• **WHAT YOU SHOULD DO**: Copy exactly the lines from the line holding "Sherry (Cello Solo)" through the end of the material, and no others; pictures stay out.

• **INFORMATION PROVIDED**:

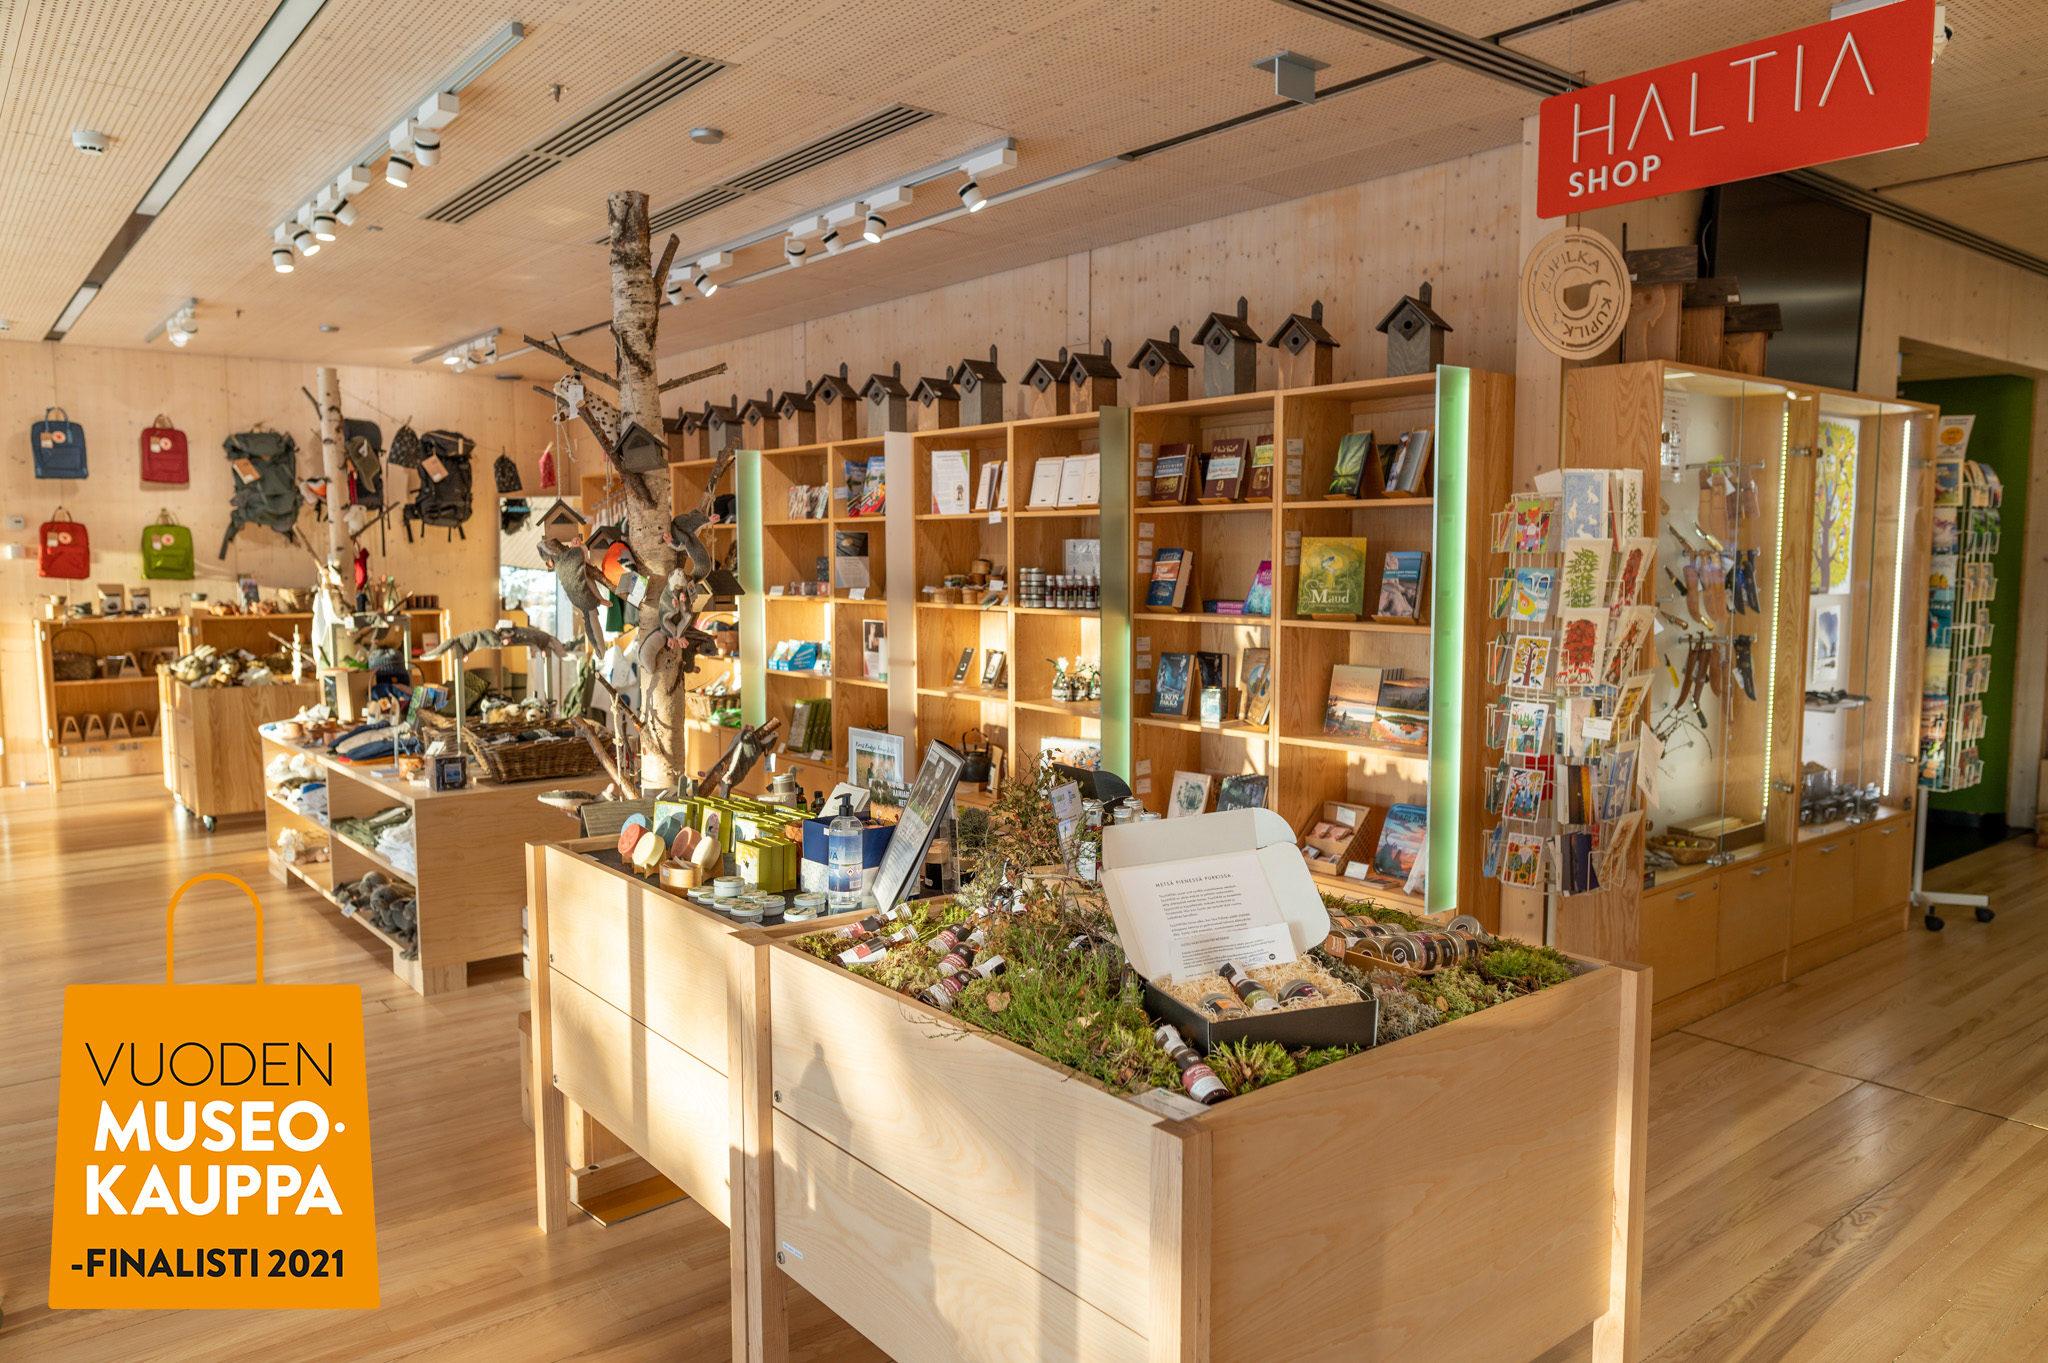 Haltia Shop
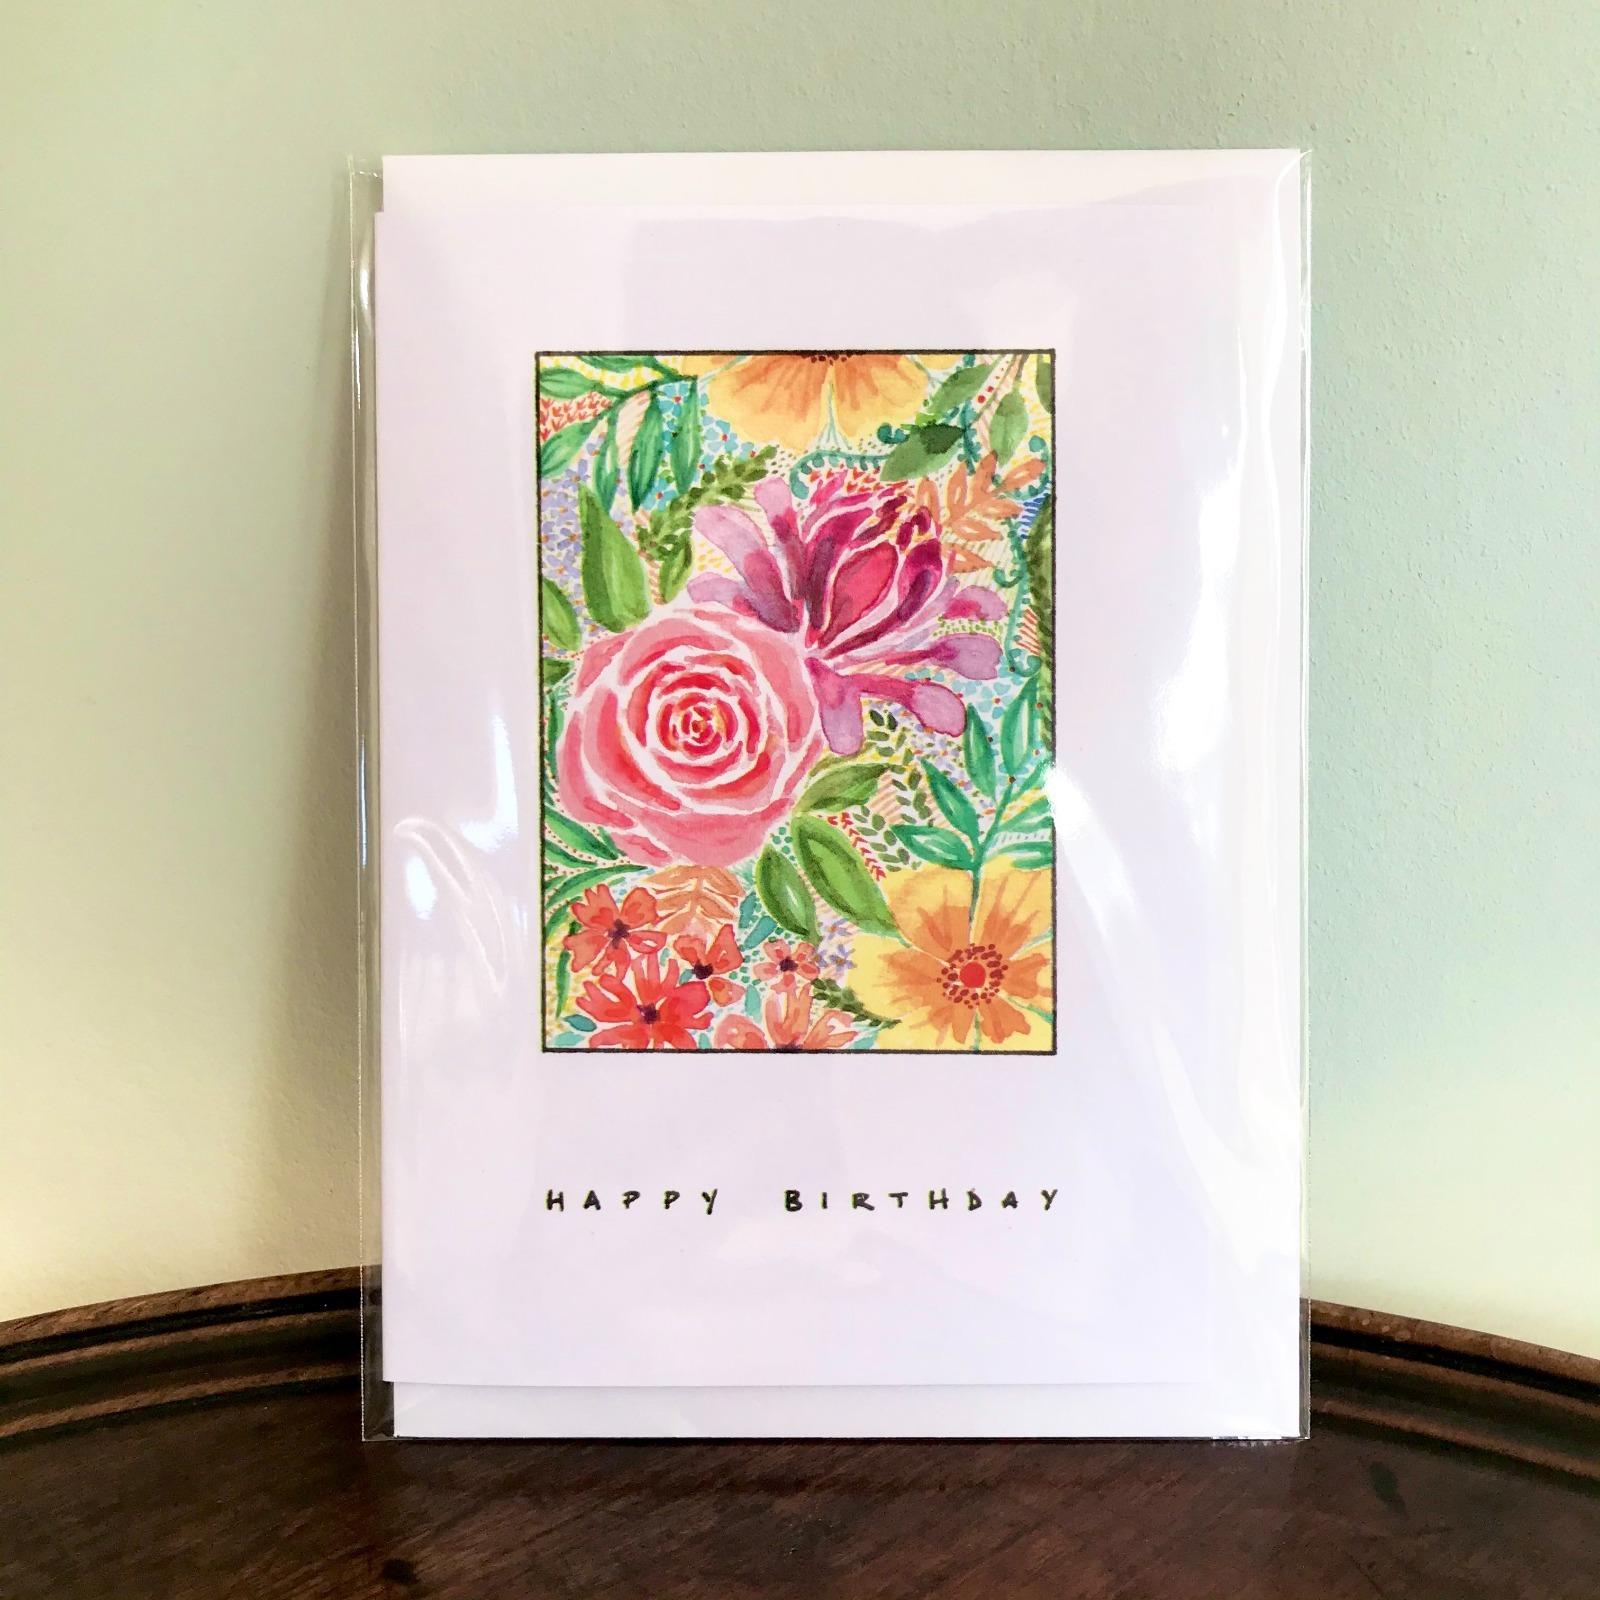 'Birthday Flowers' Greetings Card
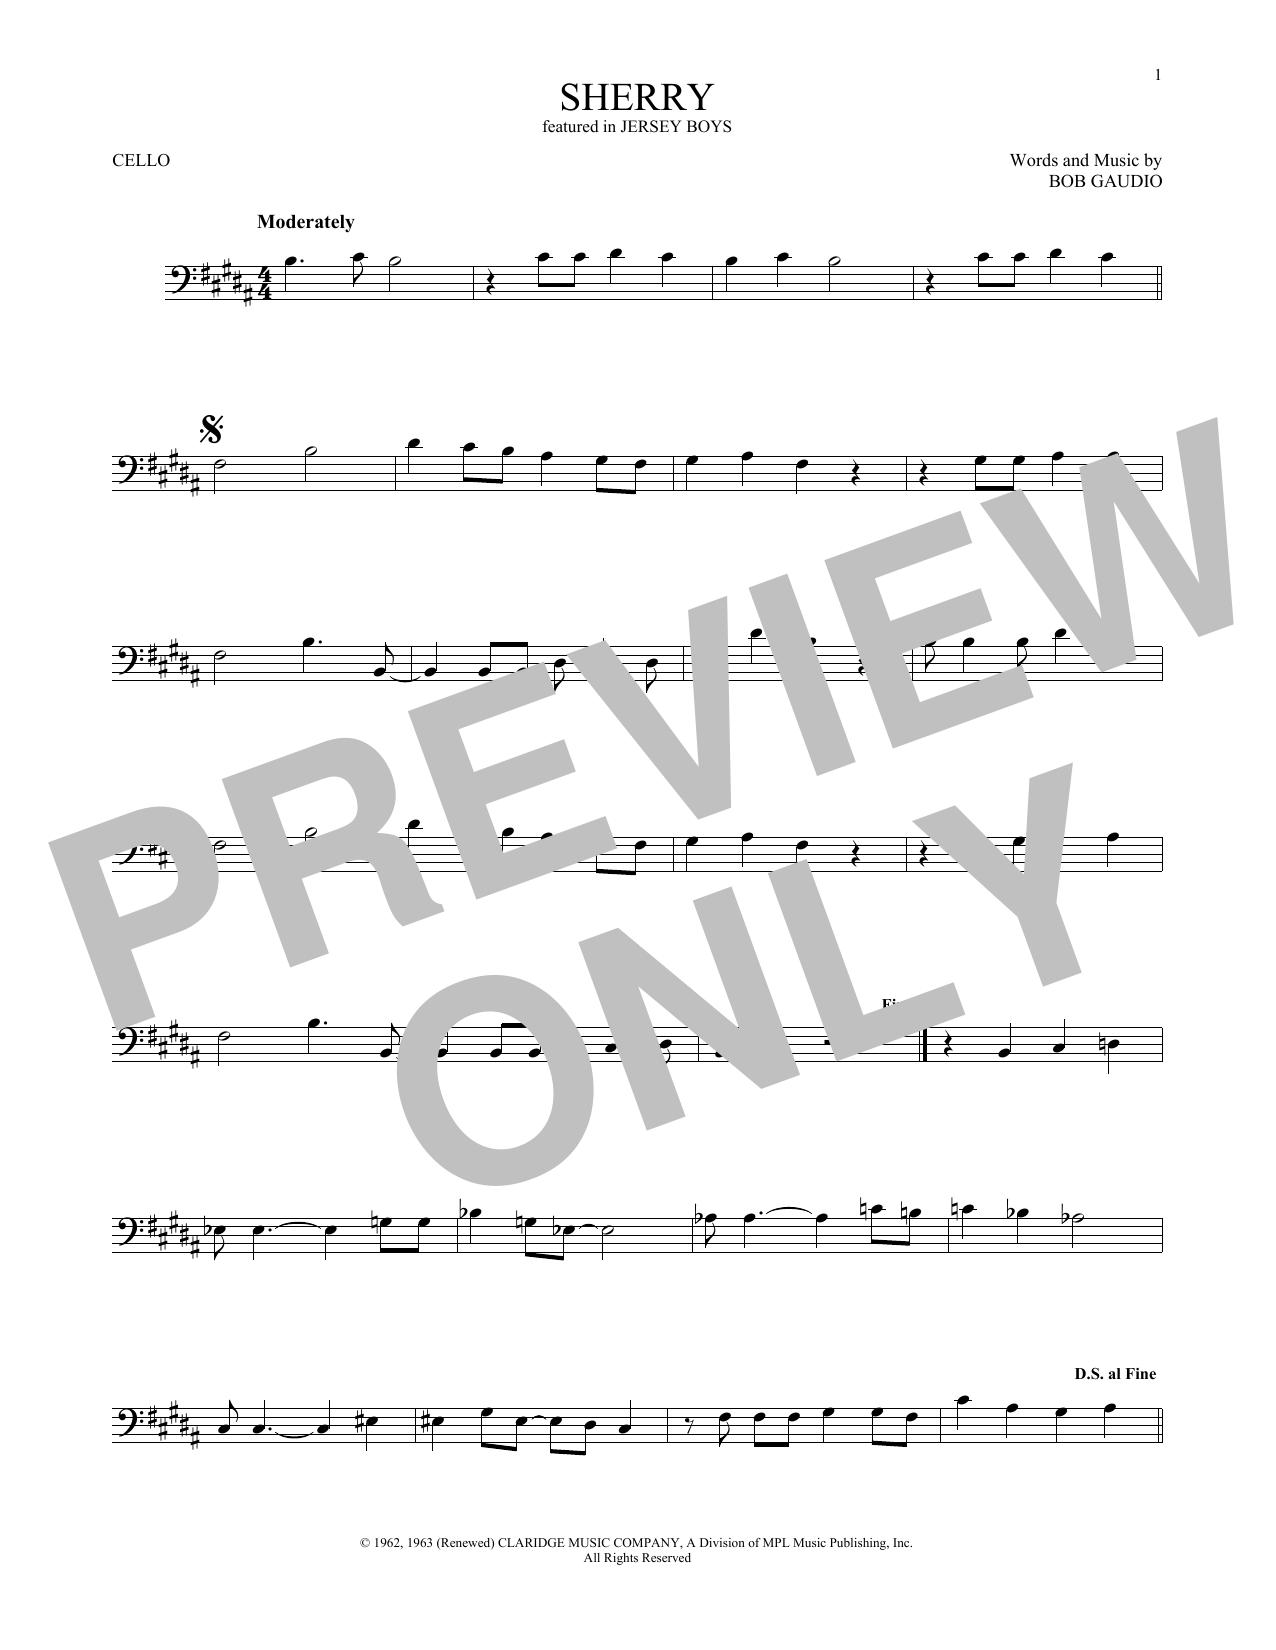 Sherry (Cello Solo)
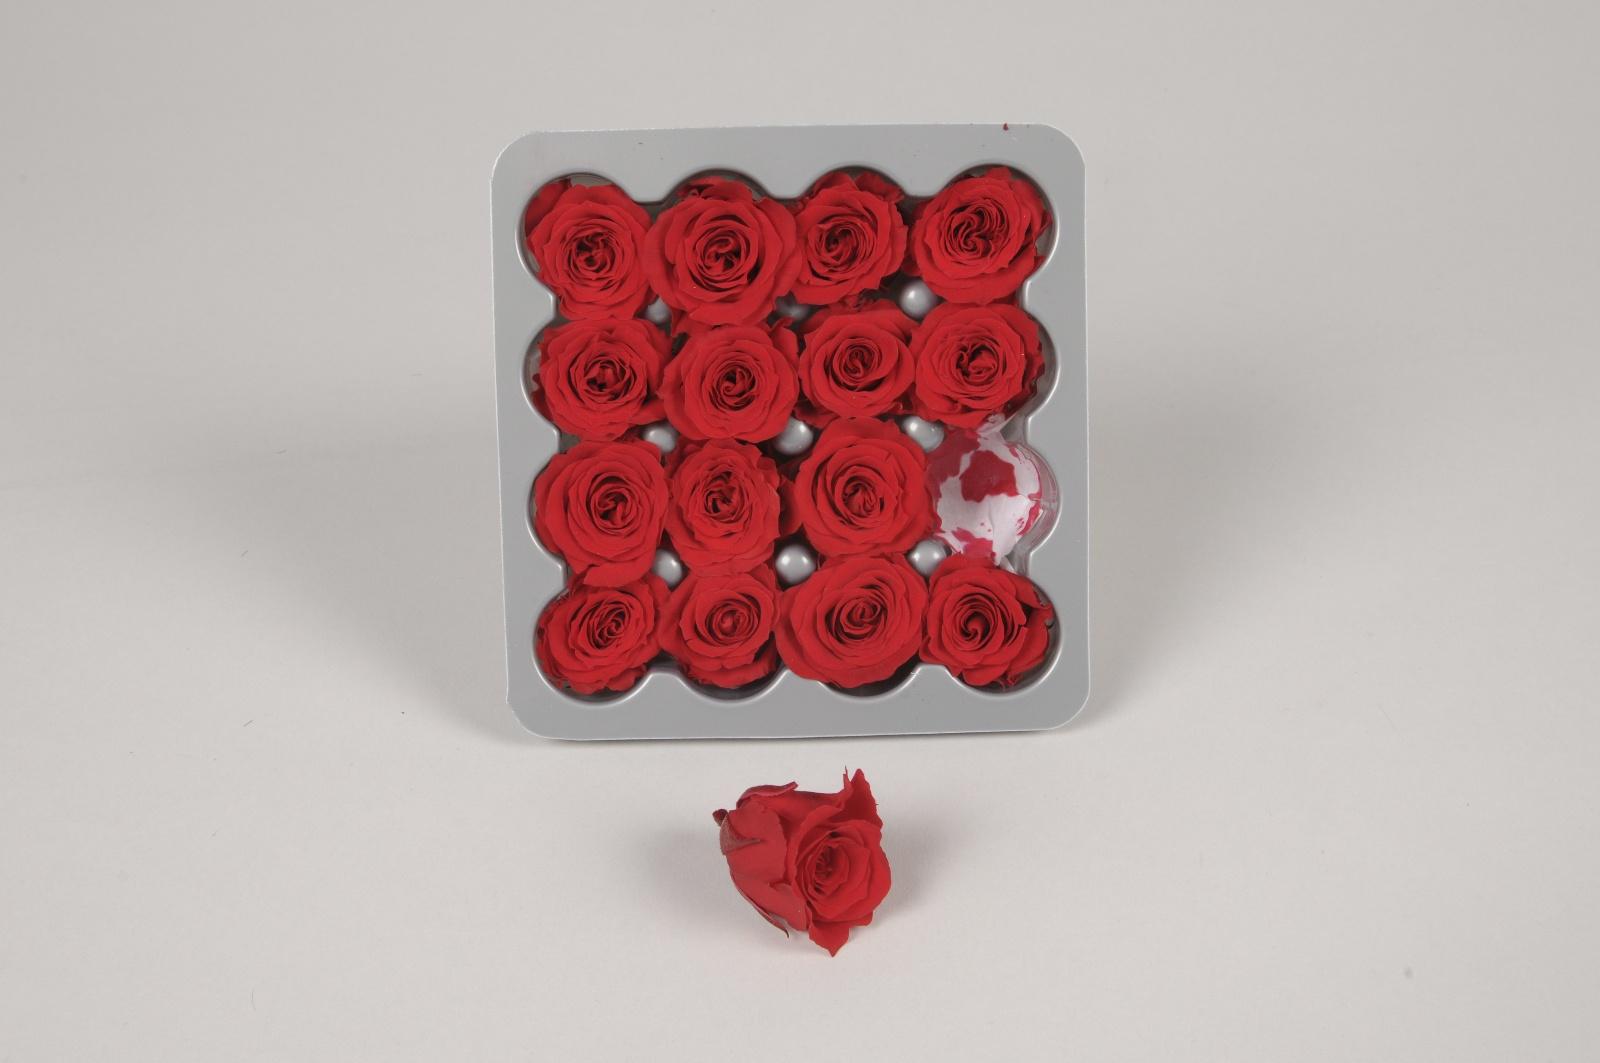 x057vv Boîte de 16 mini roses préservées rouges

• **RESPONSE TO THIS TASK**:
 Sherry (Cello Solo)
 x057vv Boîte de 16 mini roses préservées rouges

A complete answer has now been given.